Na década de 1940, Nier utilizou nova arquitetura permitindo a utilização do espectrômetro de massa na medição e interpretação das variações das composições isotópicas, o que permitiu um espetacular crescimento da geocronologia. Os modernos espectrômetros de massa desenvolvidos a partir do equipamento construído por Nier consiste em três partes essenciais: (1) fonte de feixe íons positivos; (2) analisador magnético; e (3) coletor de íons (Figura 15). Todas as três partes do equipamento operam em pressões da ordem de 10-6 a 10 –9 mm Hg. No começo (Duckworth, 1958; McDowell, 1963; Weichert, 1967) os detectores eram somente chapas fotográficas e os instrumentos eram chamados espectrógrafos. Nos últimos 30 anos com a evolução tecnológica dos eletrômetros, os aparelhos evoluíram e tem hoje quase que somente espectrômetros de massa.

Figura 1. Principais componentes de um espectrômetro de massa.

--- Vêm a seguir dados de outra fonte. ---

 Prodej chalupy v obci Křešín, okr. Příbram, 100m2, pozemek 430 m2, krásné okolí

Como sintetizado na Figura 16, a espectrometria de massa consiste na separação das partículas conforme suas massas e cargas e medida de suas abundâncias. Uma separação segundo a massa é muito mais fácil de ser obtida com íons do que com átomos ou moléculas neutras. Desta forma os espectrômetros de massa (Figura 17) promovem a aceleração e a detecção de íons carregados (positivos ou negativos). As principais partes constituintes de um espectrômetro de massa podem ser descritos em fonte, separador, detector e registrador.

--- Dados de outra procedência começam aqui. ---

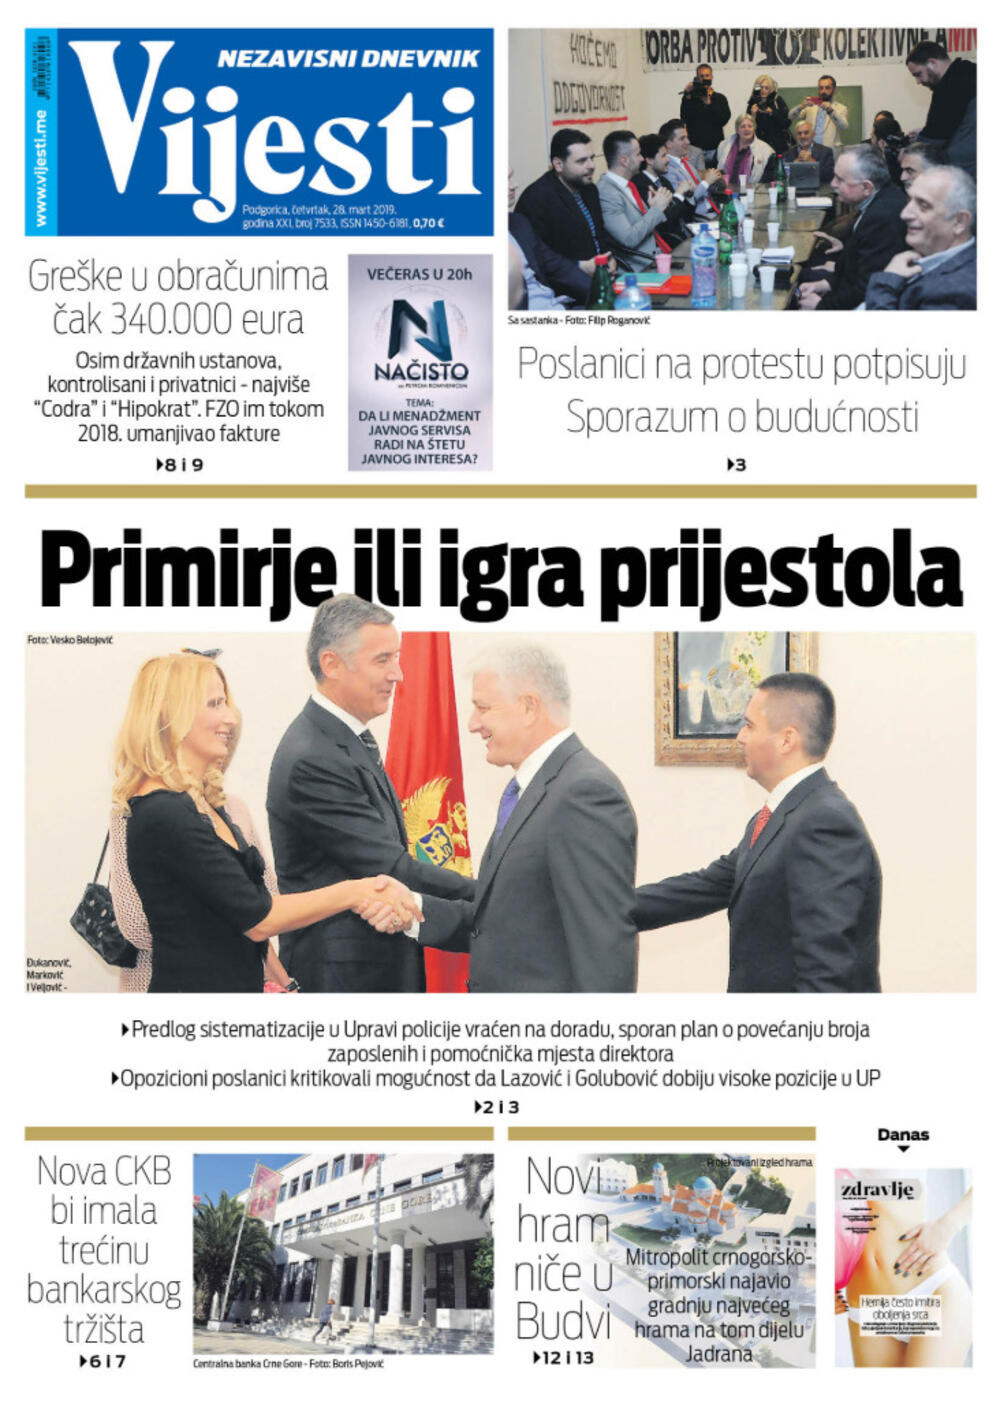 Naslovna strana "Vijesti" za 28. mart

Figura 2. Sequência de procedimentos de um espectrômetro de massa.

Figura 3. Espectrômetro de massa TIMS tipo Finnigan.

Fontes

Amostras sólidas ou gasosas podem ser analisadas, dependendo da arquitetura da fonte de íons. Para análise da massa de uma amostra gasosa, como o Ar ou CO2, a amostra do gás é inserida no interior da fonte onde as moléculas são ionizadas pelo bombardeamento com elétrons. Esta ionização é obtida através da produção de um feixe de elétrons a partir de um filamento de tungstênio ou rênio à temperatura de 2000ºC e energia da ordem de 70 eV. Os íons carregados positivamente resultantes são acelerados por um campo de alta voltagem e são dirigidos à pequenas janelas de forma a serem reunidos em feixes.

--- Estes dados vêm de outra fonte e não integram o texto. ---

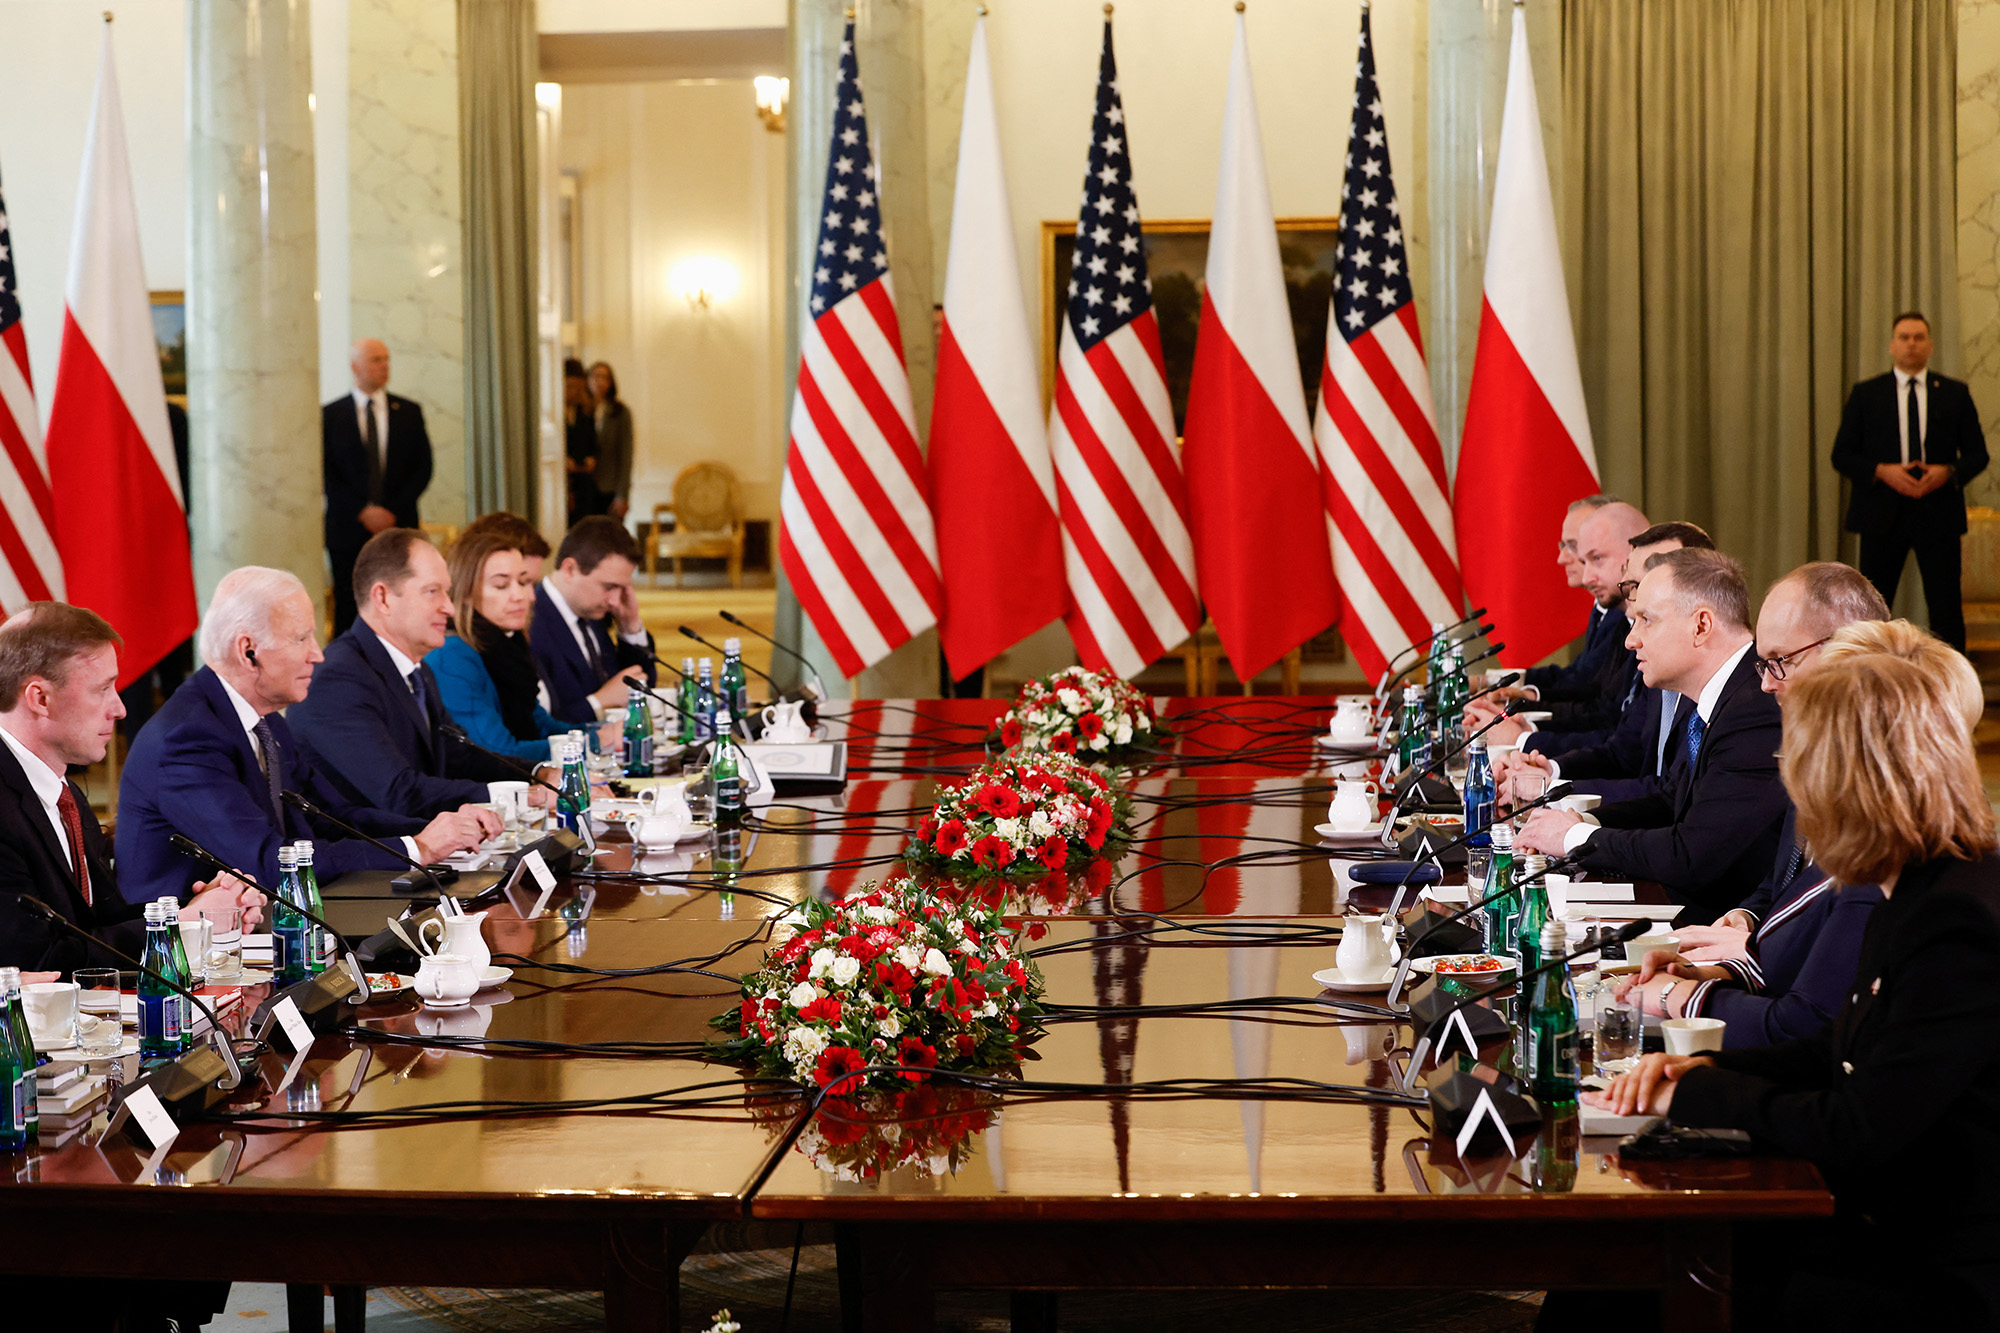 Biden thanks Poland for "unwavering" support in Ukraine

No caso de amostras sólidas o sal do elemento ou o próprio elemento é depositado diretamente sobre um filamento (Tabela 3 e Figura 18) e inserido junto à fonte iônica (fonte de ionização térmica). Sob vácuo no interior do espectrômetro de massa, o filamento é aquecido através da passagem de corrente elétrica. Este aquecimento provoca a vaporização do elemento depositado gerando partículas carregadas positivamente que são aceleradas para o interior do campo eletromagnético ao passarem pelas janelas de colimação (Figura 19). Os filamentos podem ser compostos de Ta, Re ou W, Pt e Th dependendo da temperatura necessária para a ionização da amostra. Os íons resultantes são então acelerados e reunidos em feixes como no caso da amostra gasosa.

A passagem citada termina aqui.